Martin Anthony Maggio (October 29, 1949 – April 25, 2011) was an American musician best known for his legendary Saxophone playing. His playing was compared to that of the late Boots Randolph yet some people say his version of “Yackety Sax” was even better than Boots.

==Biography==

Maggio was born in Houston, Texas and raised there as well attending high school at Jeff Davis High School.

When Marty was just a child his mother Ann Maggio would trade her spaghetti to Marty's music teacher Michael Spompanato for clarinet lessons. Soon after Marty turned his attention to the Saxophone and that was it. At age 16 Marty joined his first band called the PerryMates, headed by Clarence Perry. While with the PerryMates Marty and the band hooked up with Roy Orbison and they even auditioned at Orbison's house. He hired them and they toured with him for some time.

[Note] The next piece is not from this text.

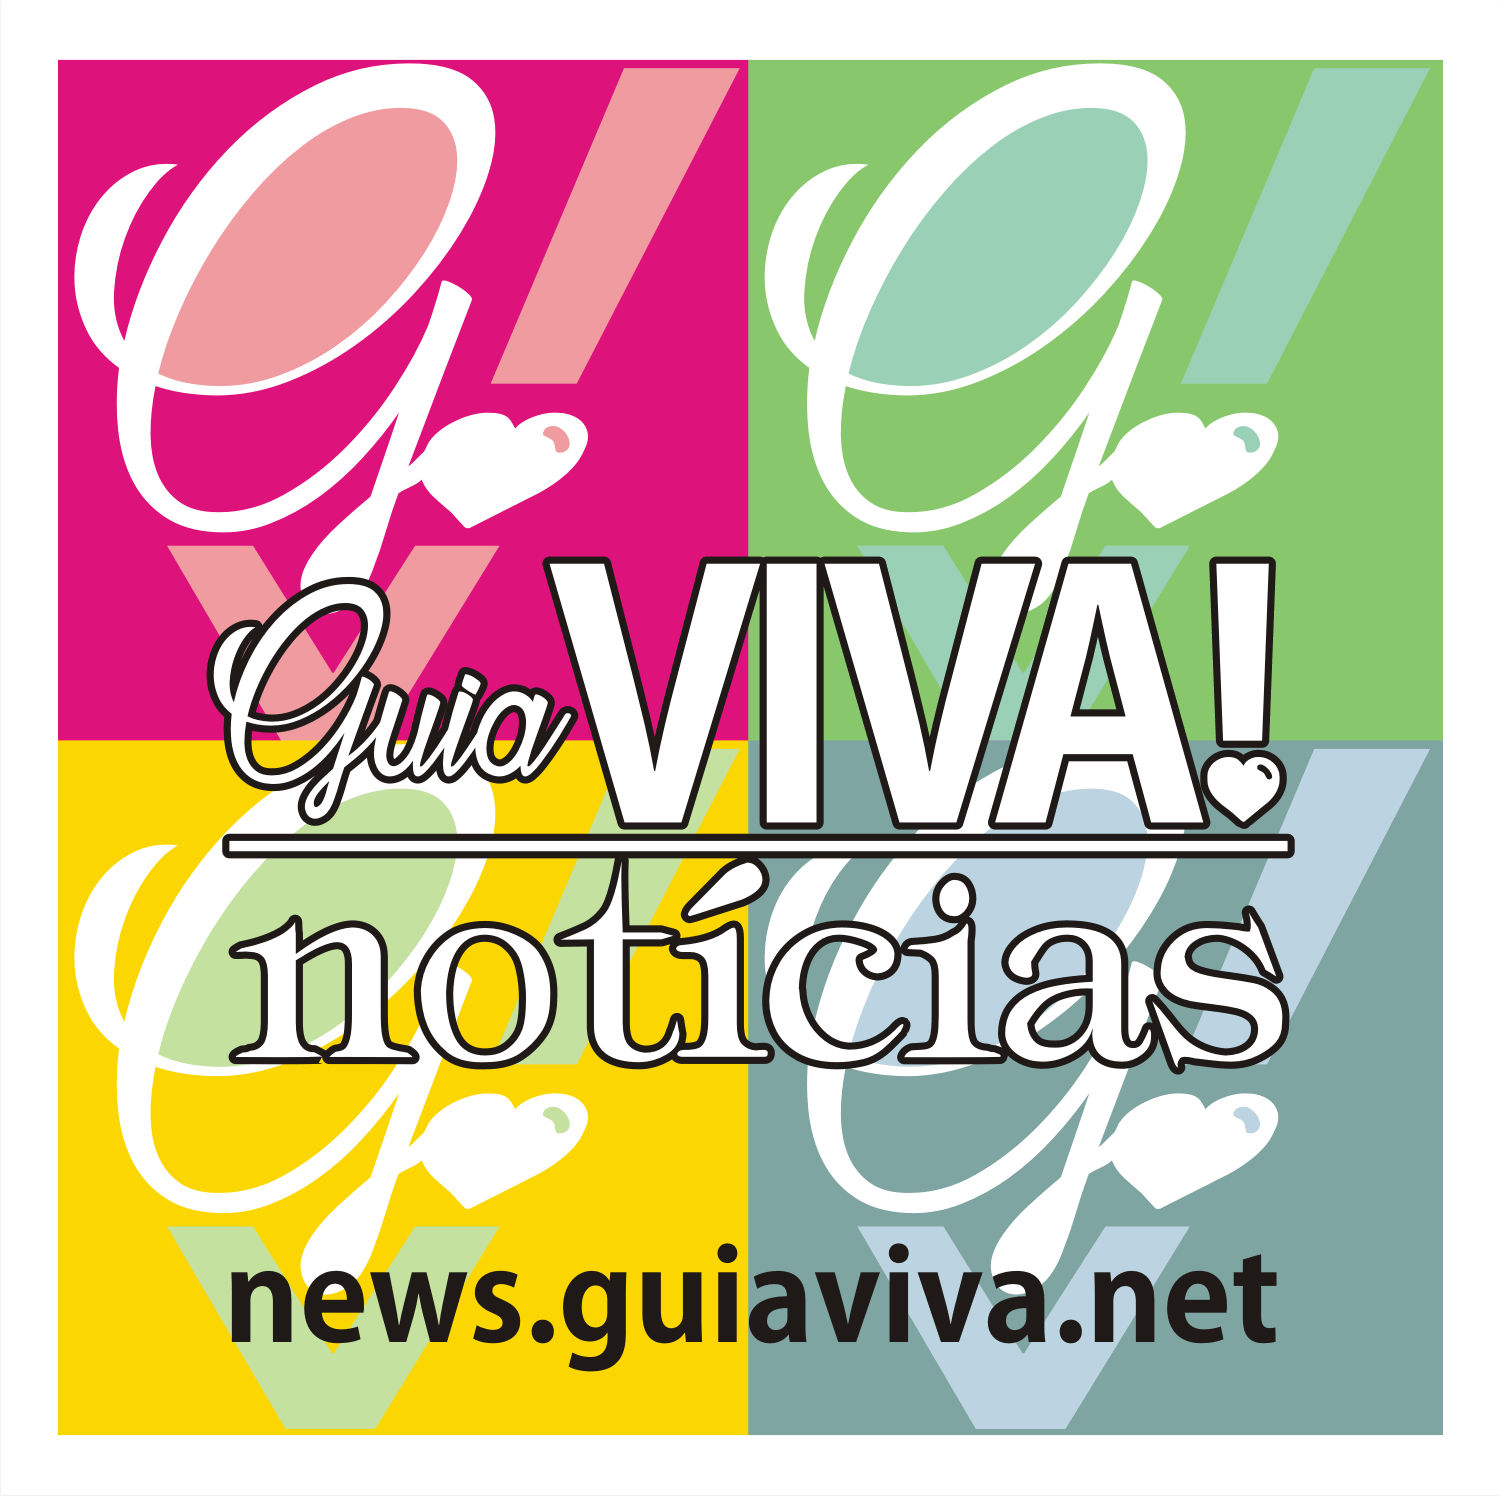 Guia Viva! Notícias Centro Histórico Porto Alegre

After Marty finally parted with PerryMates and Roy Orbison he ended up recording some tracks with the Nashville Horns and Elvis Presley. Marty's main work with Elvis was playing backup on his I washed my Hands in Muddy Water track.

Marty's next big run in was when he realized a friend of his by the name of Richard Kemp knew Boots Randolph well. Richard hooked up Marty and Boots and it was magic. When Boots heard how good Marty's version of “Yackety Sax” was he then invited Marty up on stage to play with him. Together they did a double sax version of the song and this was said to be the first time Boots ever invited another sax player to play with him.

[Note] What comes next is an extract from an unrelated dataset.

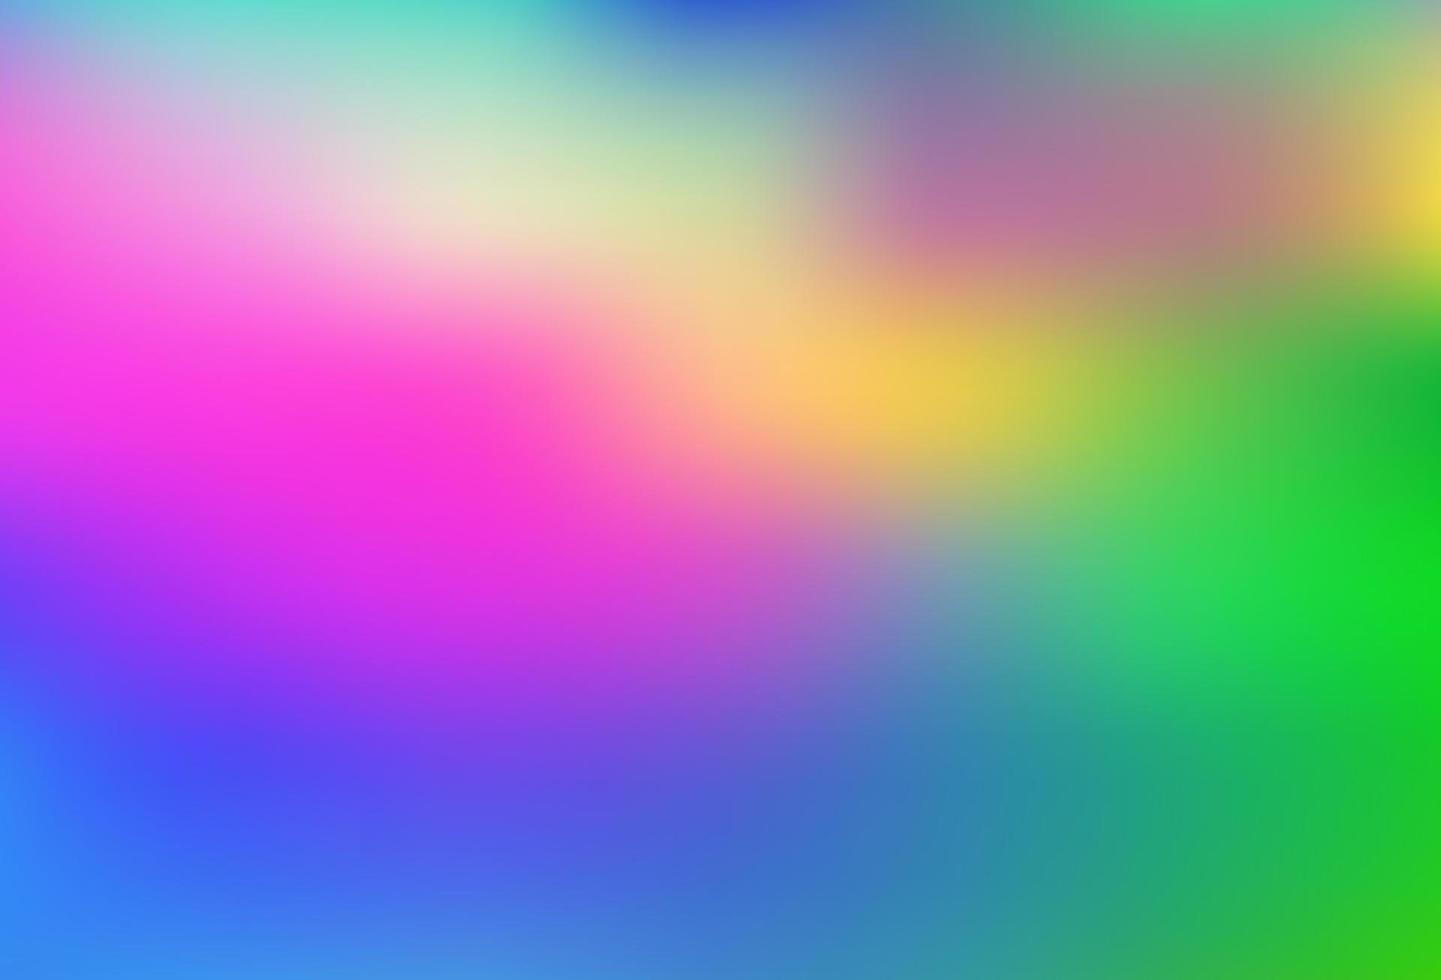 helles mehrfarbiges, abstraktes Bokeh-Vektormuster des Regenbogens. vektor

Next Marty hooked up with another Nashville musician by the name of Jim Vest, leader of the Nashville Cats. Marty started with the Cats in 1972 and was involved in more recording sessions. In 1976 Marty decided to return to Houston and get back into circulation in his hometown. Marty cut about half a dozen cd's such as Sax Tradition, Simple things, Jump Jives and Wail and his newest release “YES” Country which was released just months before his death. Marty was also said to be in negotiations to play Sax on American Idol performer John Wayne Shultz album,

On April 25, 2011, at 61 years of age Marty unexpectedly died of a possible heart attack.